I'm attempting to write some code for item based collaborative filtering for product recommendations. The input has buyers as rows and products as columns, with a simple 0/1 flag to indicate whether or not a buyer has bought an item. The output is a list similar items for a given purchased, ranked by cosine similarities.

I am attempting to measure the accuracy of a few different implementations, but I am not sure of the best approach. Most of the literature I find mentions using some form of mean square error, but this really seems more applicable when your collaborative filtering algorithm predicts a rating (e.g. 4 out of 5 stars) instead of recommending which items a user will purchase.

One approach I was considering was as follows...

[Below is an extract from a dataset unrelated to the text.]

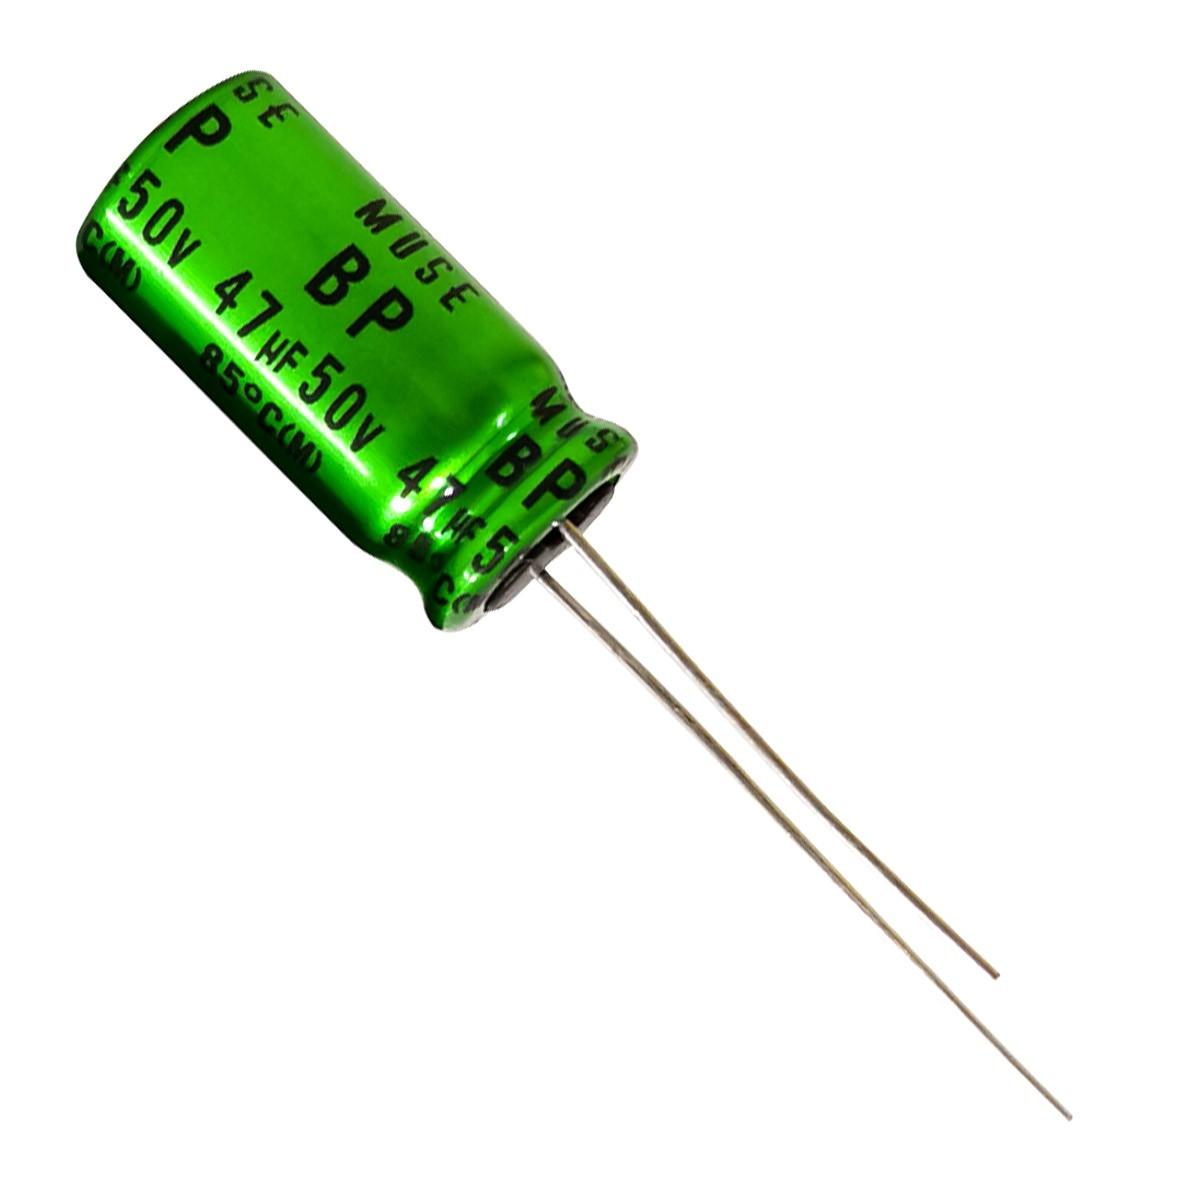 NICHICON ES MUSE Condensateur Audio Audiophile 35V 33µF

  • split data into training/holdout sets, train on training data
  • For each item (A) in the set, select data from the holdout set where users bought A
  • Determine which percentage of A-buyers bought one of the top 3 recommendations for A-buyers

The above seems kind of arbitrary, but I think it could be useful for comparing two different algorithms when trained on the same data.

2

2 Answers

1
votes

Actually your approach is quiet similar with the literature but I think you should consider to use recall and precision as most of the papers do.

http://en.wikipedia.org/wiki/Precision_and_recall

Moreover if you will use Apache Mahout there is an implementation for recall and precision in this class; GenericRecommenderIRStatsEvaluator

0
votes

Best way to test a recommender is always to manually verify that the results. However some kind of automatic verification is also good.

In the spirit of a recommendation system, you should split your data in time, and see if you algorithm can predict what future buys the user does. this should be done for all users.

Don't expect that it can predict everything, a 100% correctness is usually a sign of over-fitting.